Sharif was hired at the height of the pandemic to work in COVID wards, and although it was “emotionally exhausting”, she explains that her team was “so amazing it didn’t feel so bad at times”. Sharif, being a recent addition to the NHS, did not experience conditions before the pandemic, but she believes staff have become burnt out, and she has seen many people ‘leaving or going private because of it’.

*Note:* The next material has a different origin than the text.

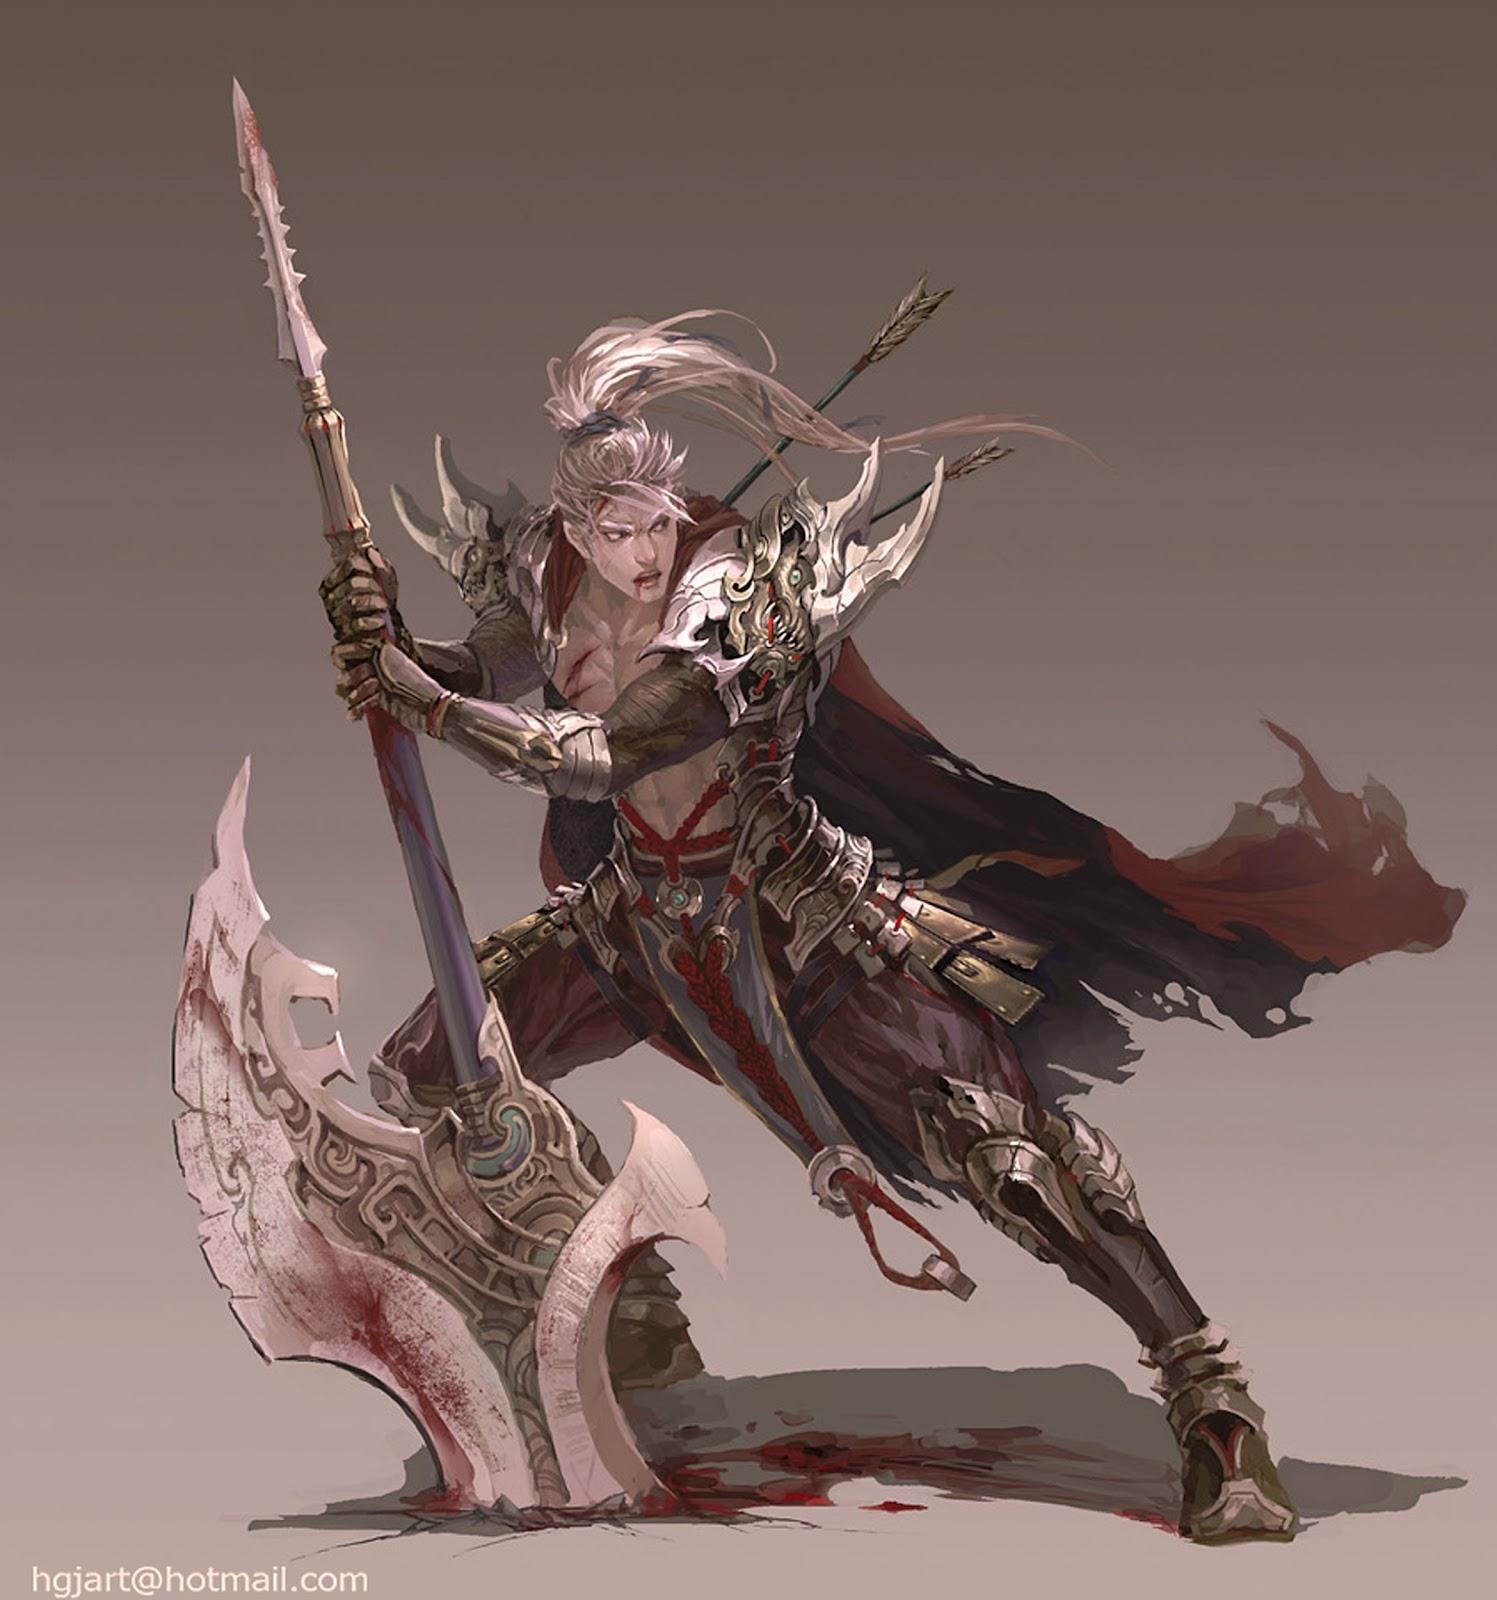 Drawn scythe sci fi  male+mecha+giant+axe+blade+scythe+blade+shogun+ male+mecha+giant+axe+blade+scythe+blade+shogun+japan+samurai+

Although Sharif herself has not experienced bullying similar to that of Shruti, she knows people who have experienced racism. “I think a lot of black healthcare workers are hurting the most. I saw it, and I try to talk when I can. It’s definitely a problem.

The question is exposed and questioned, with a good dose of dark humour, in This is going to hurt. In one episode, Tracey experiences racism from a patient who prefers not to have her tests handled by Tracey, a black nurse, or her baby by Shruti, a South Asian doctor. This type of treatment is not uncommon for the 22% of NHS staff who are black, Asian and “minority ethnic”.

Huntington says one of the main problems currently facing the NHS is that “there is no funding for more training places”, which he says will “lead to a worse staffing crisis in about five to ten years. If he could change one thing, it would be “more money in the right places”. Huntington adds:

The service must operate at a loss. Obviously the public needs to get their money’s worth, but you need to create redundancy so that we have surge capacity for the next pandemic or winter crisis. If money is the bottom line, then people’s health becomes secondary.

The truth is that public health is already taking a back seat to belt-tightening in the NHS. And while the truth can sometimes hurt, we must face it if we are to have any chance of healing a wounded national health care system.